Bangladesh: Western Perceptions on Developments

President BIPSS, Major General Muniruzzaman (Retd). testified at the Congressional hearing on Bangladesh on 20 November 2013. (Courtesy BIPSS)
President BIPSS, Major General Muniruzzaman (Retd). testified at the Congressional hearing on Bangladesh on 20 November 2013. (Courtesy BIPSS)

The last week has seen a flurry of activities in the West about developments in Bangladesh. These include a hearing (November 20, 2013) by the U.S. House Sub-Committee on Asia titled “Bangladesh in Turmoil.

Such increased focus in the run-up to the elections in Bangladesh is indicative of the West trying to understand what exactly is happening in this important South Asian country.

Interestingly, on both sides of the Atlantic, there has been considerable understanding about what is at stake in Bangladesh. Both, in their own ways, underlined the very real danger of lurking fundamentalism taking over the country, and both pointed to the dubious role of the Jamaat riding piggy-back on the BNP; the need for political reconciliation and inclusive elections and that the war crimes trials should be speedily concluded in order for the people to get a closure of the horrific events of 1971.

In the Congressional hearing, testifying experts were Prof. Ali Riaz (Woodrow Wilson Center), Maj. Gen. (Retd) A.M.N. Muniruzzaman (President, Bangladesh Institute of Peace and Security Studies) and John Sifton (Human Rights Watch). The Congressional panel was headed by Sub-committee Chairman Steve Chabot who had recently visited Bangladesh.

The written testimonies apart, the operative points that emerged from the proceedings were that:

  • Notwithstanding procedural issues, there was need for closure of the war crimes trials which enjoyed widespread support among the people of Bangladesh.
  • Bangladesh faced a serious threat from fundamentalist radicals, with consequences similar to the ones being seen by the U.S. in Pakistan.
  • Stress was also laid on political reconciliation between the Awami League (AL) and the Bangladesh Nationalist Party (BNP) for democratic consolidation, denying non-state / religious fundamentalists from allying themselves politically to prevent further destabilization and political instability.
  • Persecution of religious minorities, particularly Hindus has continued under governments headed by both parties and needs to be stopped.
  • The achievements of the Awami League government on the domestic front have been substantial.
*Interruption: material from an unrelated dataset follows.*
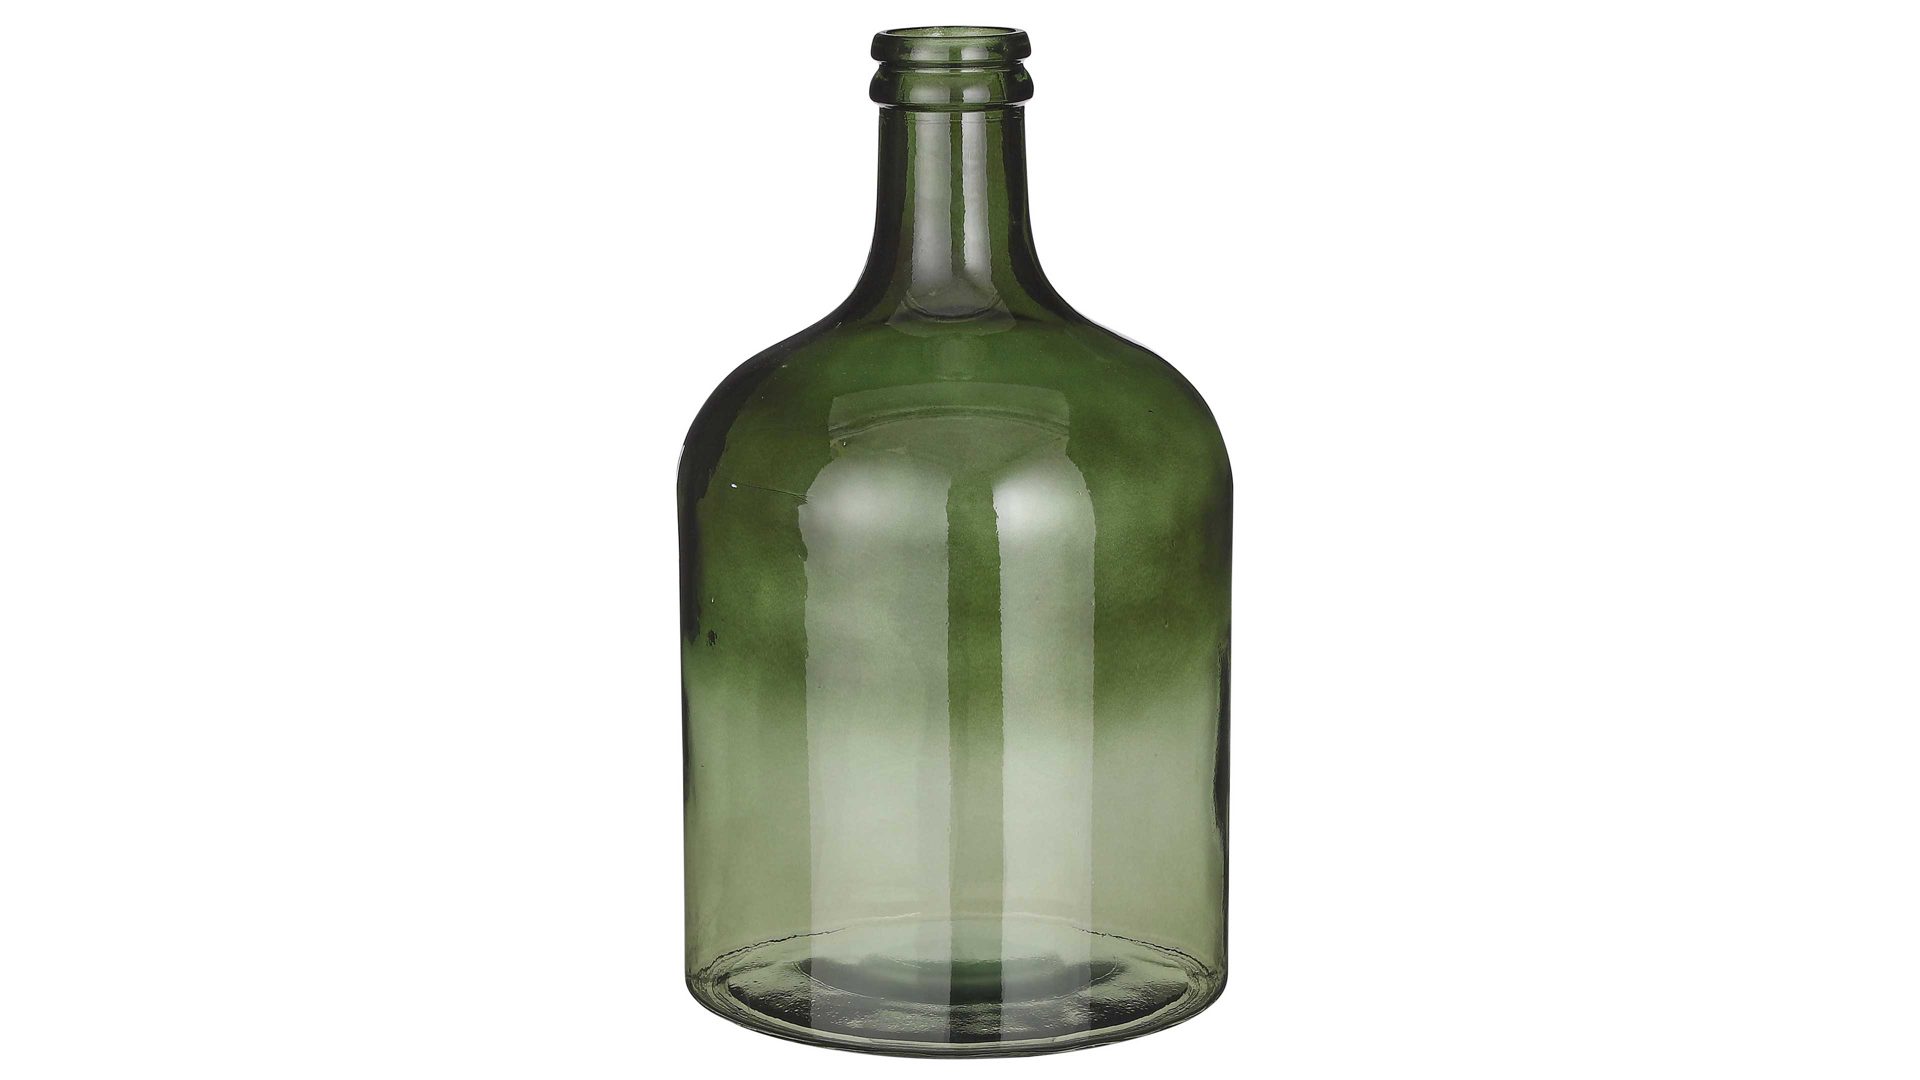 Vase Edelman® aus Glas in Grün Boden-Flaschenvase Vamos grünes Recyclingglas - Höhe ca. 43 cm

Meanwhile, a joint resolution of the European Parliament titled Bangladesh: Human Rights and Forthcoming Elections was passed on November 21, 2013. It noted the political violence unleashed during ‘hartals’ called for by the Khaleda Zia-led BNP with its ally, the Jamaat-e-Islami, demanding that the forthcoming election be overseen by a ‘non-party’ caretaker government and calling for the resignation of Prime Minister Sheikh Hasina. It noted the allegations that the Jamaat-e-Islami was promoting strikes in order to obstruct proceedings of war crimes cases against its leaders; It expressed concern over the severe impact of the hartals (shutdown) on impoverished sections of the population, which depend on daily wages to survive.

It recognized progress in the fields of education, healthcare, poverty alleviation, food security, infrastructure, climate change and employment generation under the Awami League Government.

It acknowledged the need for reconciliation, justice and accountability for crimes committed during the 1971 Liberation War; stressed and supported the important role of the International Crimes Tribunal in this matter; though it expressed strong objections to the death penalty.

It also called for taking firm notice of serious threats arising out of the increasing radicalization of fundamentalist groups in Bangladesh, and called upon competent authorities to investigate links between banned terrorists and sectarian outfits with the Jamaat-e- Islam and Hefazat-e-Islam;

In an editorial titled Political Crisis in Bangladesh, the New York Times claims Prime Minister Sheikh Hasina is clinging to power till the general elections, and is trying to neutralize her opponents.

It blames Sheikh Hasina for removing a constitutional provision that allows for the setting up of a neutral caretaker government three months before general elections.

The NYT conveniently forgets that the Supreme Court had declared the caretaker government unconstitutional, and that Sheikh Hasina was only acting on the former’s directive. It has also ignored the fact that Khaleda Zia and her BNP boycotted consultations that were to determine what would replace the caretaker set-up.

Insofar as neutralizing her opponents by any means possible is concerned, the NYT fails to realize that the banning of the Jamaat was spearheaded by the Tarikat Foundation and not the ruling Awami League on grounds that its creation was contrary to the Bangladesh Constitution. Courts have upheld this contention.

Finally, the NYT claims the trials by the International Crimes Tribunal are yet another tool to stifle political opponents. As the Congressional hearing and several opinion polls have shown, if there is one thing on which a majority of Bangladeshis are agreed upon, it is the war crimes trials.

The NYT should, therefore, revisit its editorial keeping the outcomes of the Congressional hearing and the European Parliament resolution on the correct picture in Bangladesh.

This article first appeared in Daily Sun, a leading newspaper of Bangladesh.